Follow-up: Qwen3.6-27B on 1× RTX 3090 — pushing to ~218K context + ~50–66 TPS, tool calls now stable (PN12 fix)

Posted by AmazingDrivers4u@reddit | LocalLLaMA | View on Reddit | 38 comments

Following up on our previous post about running Qwen3.6-27B on a single RTX 3090 (\~125K context, higher TPS).

We’ve been pushing further on both context length and stability for tool-agent workloads.

Current results:

- \~218K context @ \~50 / 66 TPS (text, narr/code)

- \~198K + vision @ \~51 / 68 TPS

- tool calls with \~25K-token outputs now complete without OOM

So lower TPS than our earlier config, but significantly higher context + stability under real workloads.

---

### What changed

Previously, long tool outputs (\~25K tokens) would consistently crash.

This turned out to be related to a Genesis patch (PN12) that was supposed to mitigate a memory issue, but wasn’t actually applying on vLLM dev205+:

- `apply_all` reported success

- but the underlying code path was unchanged

Root cause was anchor drift in the patch.

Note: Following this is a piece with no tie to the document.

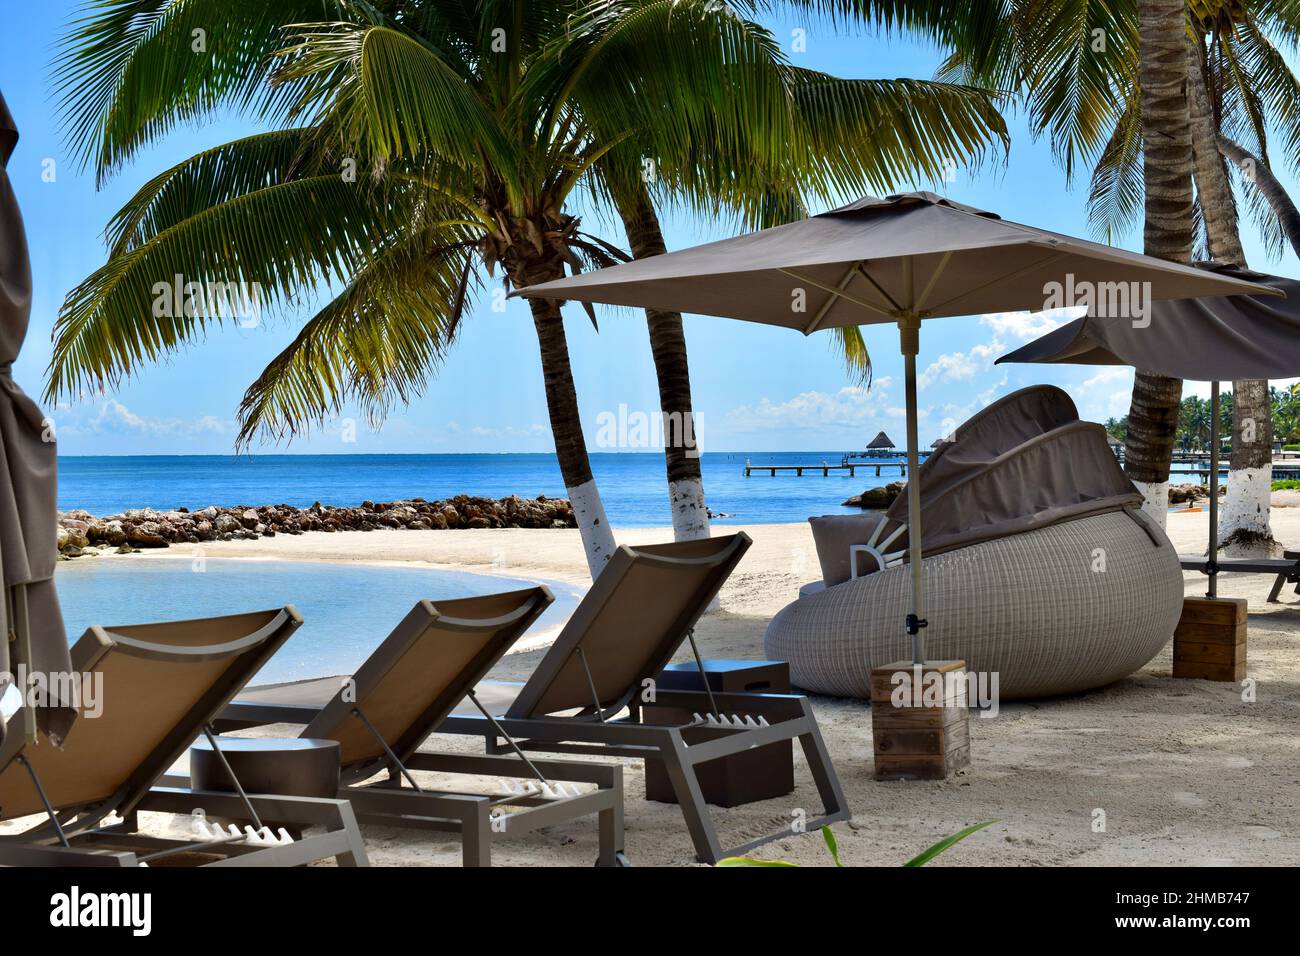 Sedie a sdraio e un divano letto rotondo con baldacchino sulla spiaggia di San Pedro, Belize in una giornata luminosa e soleggiata. Foto Stock

After fixing that, the tool-prefill OOM disappeared and higher context configs became usable.

Fix:

https://github.com/Sandermage/genesis-vllm-patches (PR #13)

---

### What we’re optimizing for

The goal here isn’t just max TPS or max context in isolation, but pushing both together on a single 3090:

- high context (200K+)

- usable throughput

- stable tool-agent workloads

---

### Notes / limitations

- There is still a second memory cliff around \~50–60K for single-prompt workloads on 1 GPU

- That one doesn’t apply with tensor parallelism (e.g. 2× 3090)

- Results depend heavily on quantization + config

---

### Repro

https://github.com/noonghunna/club-3090

---

Curious how others are balancing context vs TPS on 3090/4090 setups.